Pound Sterling Isn't Fooled by Q1's UK GDP Surge


 

Image: Dave Collier, sourced: Flickr, licensing: CC 2.0.


News of a surge in growth should support the British pound. Here's why the news isn't shifting the dial for currency markets.

The British pound is slightly softer against the euro and dollar, despite the ONS saying today the economy grew a handy 0.6% q/q in the first quarter.
On the face of it, 0.6% q/q represents a remarkable turnaround for an economy that was effectively flat in the second half of 2025; it hints a corner has been turned. That's unambiguously good by any metric. But analysts at ING Bank, say "you should be sceptical" of these growth data.

"Ever since 2022, the UK economy has grown much faster in the first quarter than in the rest of the year," says James Smith, Developed Markets Economist at ING. "2026 looks like it'll be no different."



If currency markets discount future growth outperformance, we would expect sterling to be higher on the back of today's numbers.
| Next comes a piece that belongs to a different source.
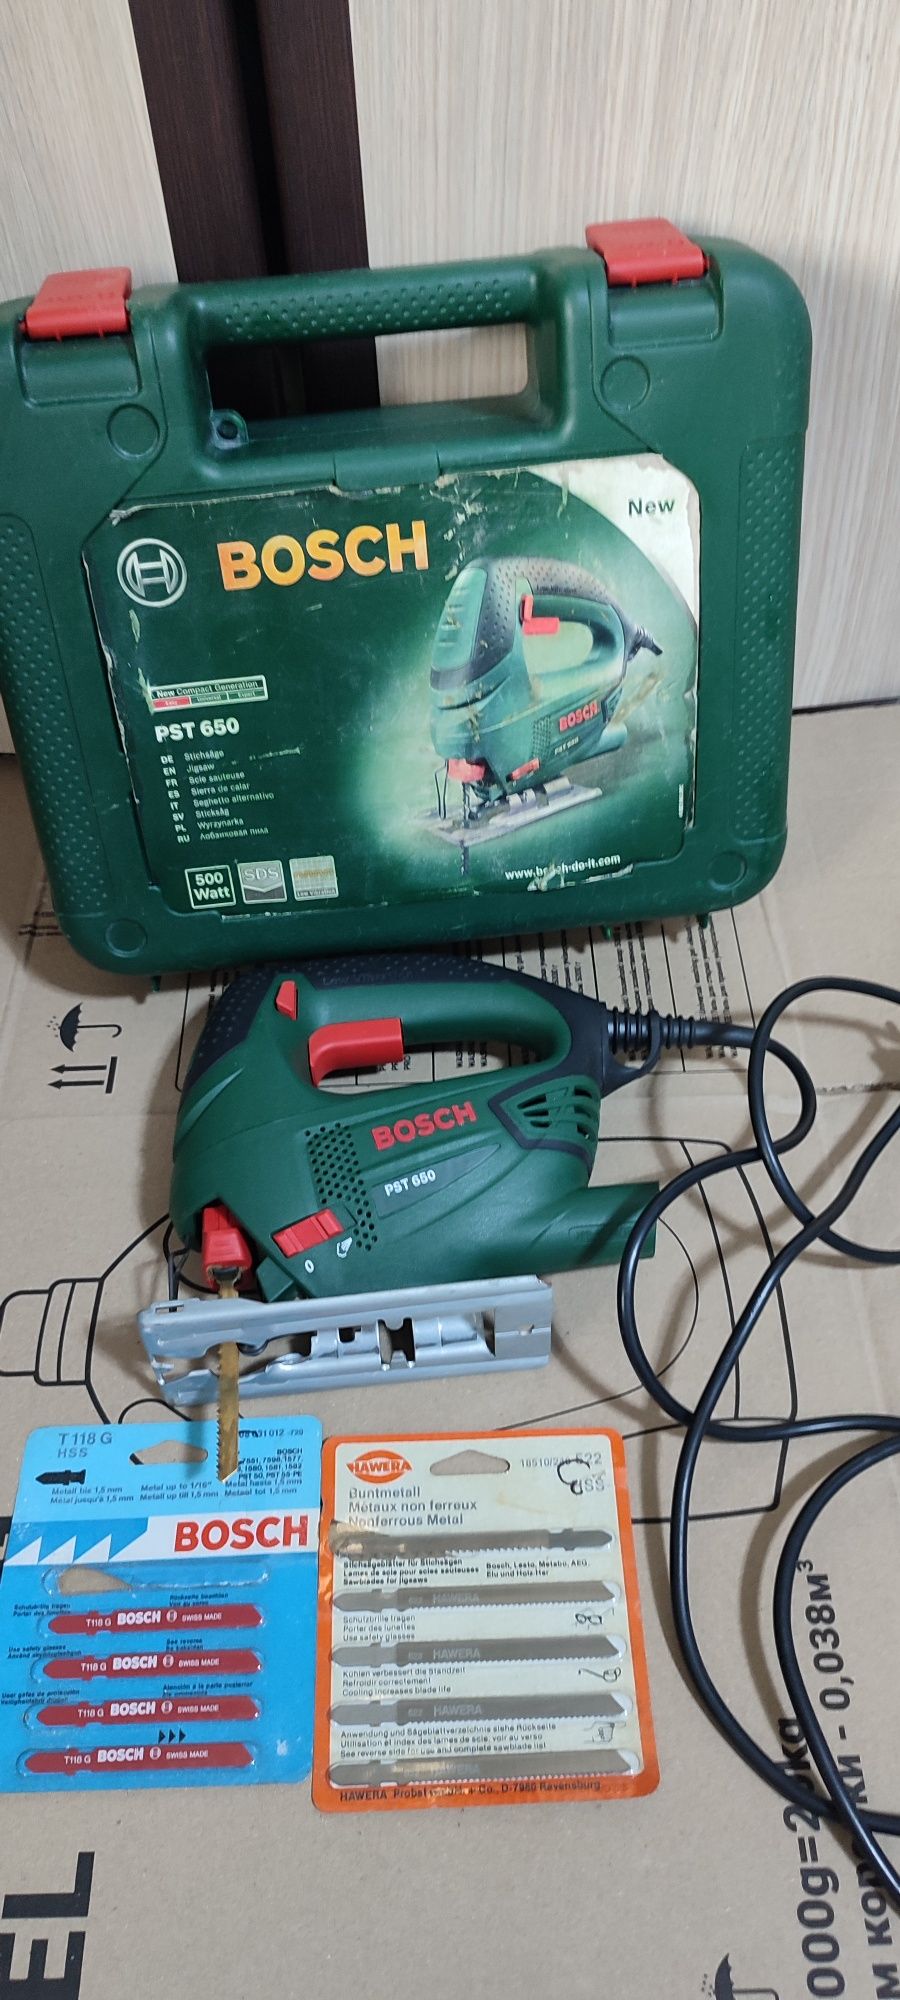 Vând șoricel Bosch PST800 PEL+PST 650

But GBP/EUR showed little emotion to the data, trading near 1.1530 and GBP/USD held fort near 1.3520.

This is confirmation that the market is sceptical.

So what's going on? "We just aren't convinced by the UK's first quarter growth performance," says ING's Smith.

He explains why:

1) The ONS methodology draws questions: "something’s not quite right with the way the data is being seasonally-adjusted."

2) The A1 spike looks to be a legacy of "higher inflation and the timing of annual price hikes."

In short, official UK GDP data has become seasonal.

What comes next?

Economists aren't dismissing these data outright, saying the economy started the year on a decent footing, even if there are question marks over the data.

But, looking ahead, a slowdown is highly likely, says Smith:

"A strong GDP reading for March sets a decent base for the second quarter; growth is likely to come in around 0.2-0.3%, before likely turning negative in the third quarter. Real disposable incomes are likely to fall, with inflation headed slightly above 4% this summer and wage growth stuck closer to 3%, and unemployment likely to increase further."

For the pound, it's the deceleration that's more relevant than anything contained in today's backwards-looking data.